Beispielsweise, dass die Genfer Flüchtlingskonvention auf die schrecklichen ­Erfahrungen der vielfach verweigerte Aufnahme verfolgter Jüdinnen und Juden vor und während des Zweiten Weltkriegs und den massenhaften Fluchtbewegungen in Europa folgte.

Heute sind so viele Menschen wie ­selten zuvor auf der Flucht vor Krieg, Gewalt und Verfolgung. Wer flieht, braucht Schutz – ohne Wenn und Aber. Stattdessen will die EU mit Zustimmung Deutschlands grundlegende menschenrechtliche Verpflichtungen im Flüchtlingsschutz aufgeben. Die Bundesregierung verrät damit ihren Verfassungsauftrag und ihre eigenen, im Koalitionsvertrag verankerten Bekenntnisse zu geltenden Menschenrechtsnormen.

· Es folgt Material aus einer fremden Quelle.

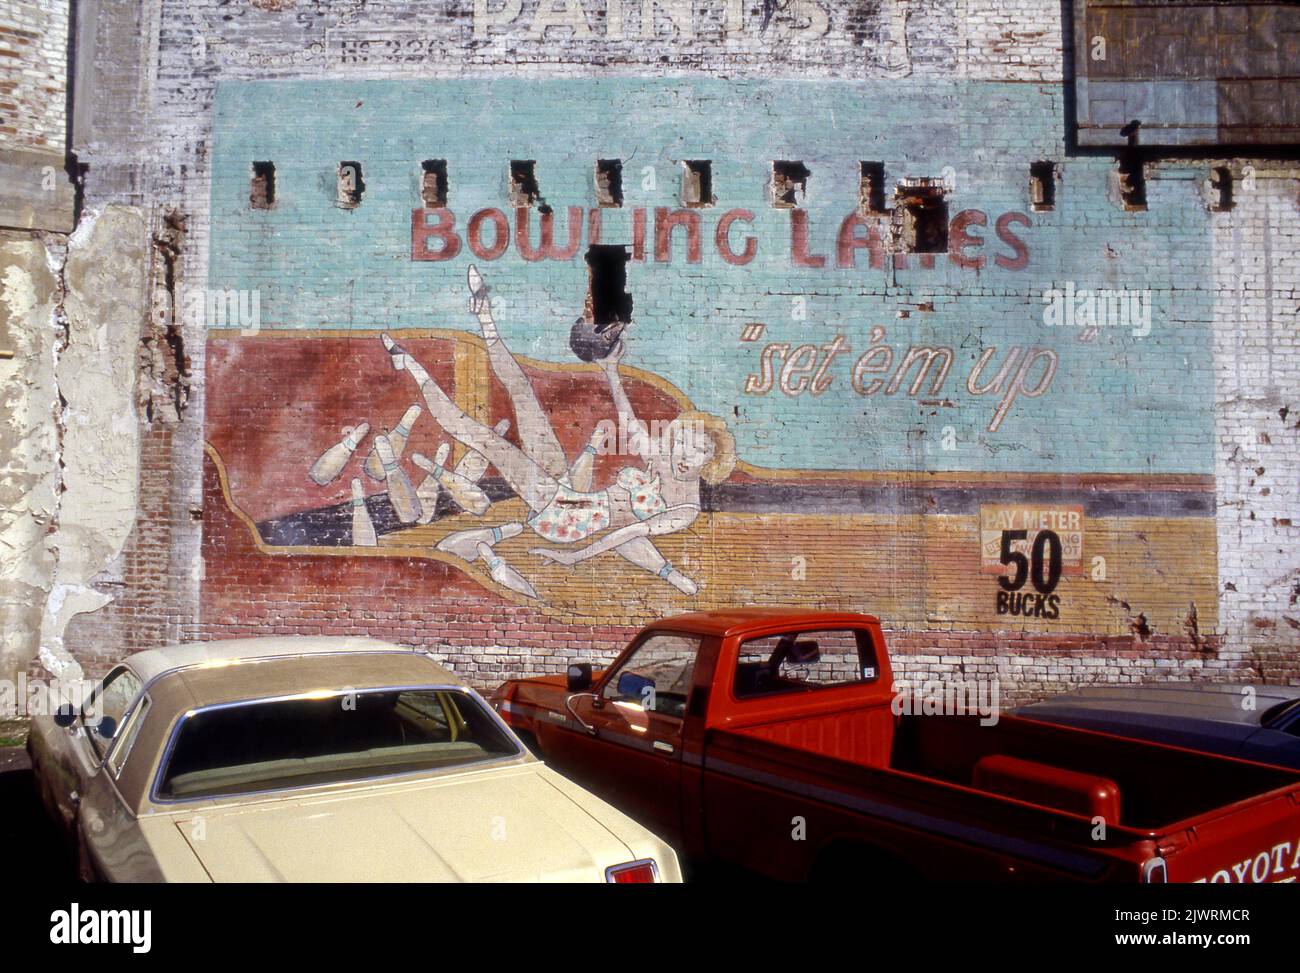 Artist mural depicting a retro bowling scene in downtown Los Angeles, CA,1989 Stock Photo

Ich spreche in diesen Tagen mit vielen, denen es schwerfällt, dies alles aus­zuhalten.

Der aktuelle Amnesty-Jahresbericht dokumentiert neben Flucht eine weitere Entwicklung: Protest. Millionen Menschen demonstrieren weltweit gegen Gewalt und Unterdrückung, ob im Iran, in Peru oder in Georgien. Ich denke, es ist an der Zeit, in Deutschland für den Flüchtlingsschutz auf die Straße zu gehen.

Markus N. Beeko ist General­sekretär der deutschen Amnesty-Sektion.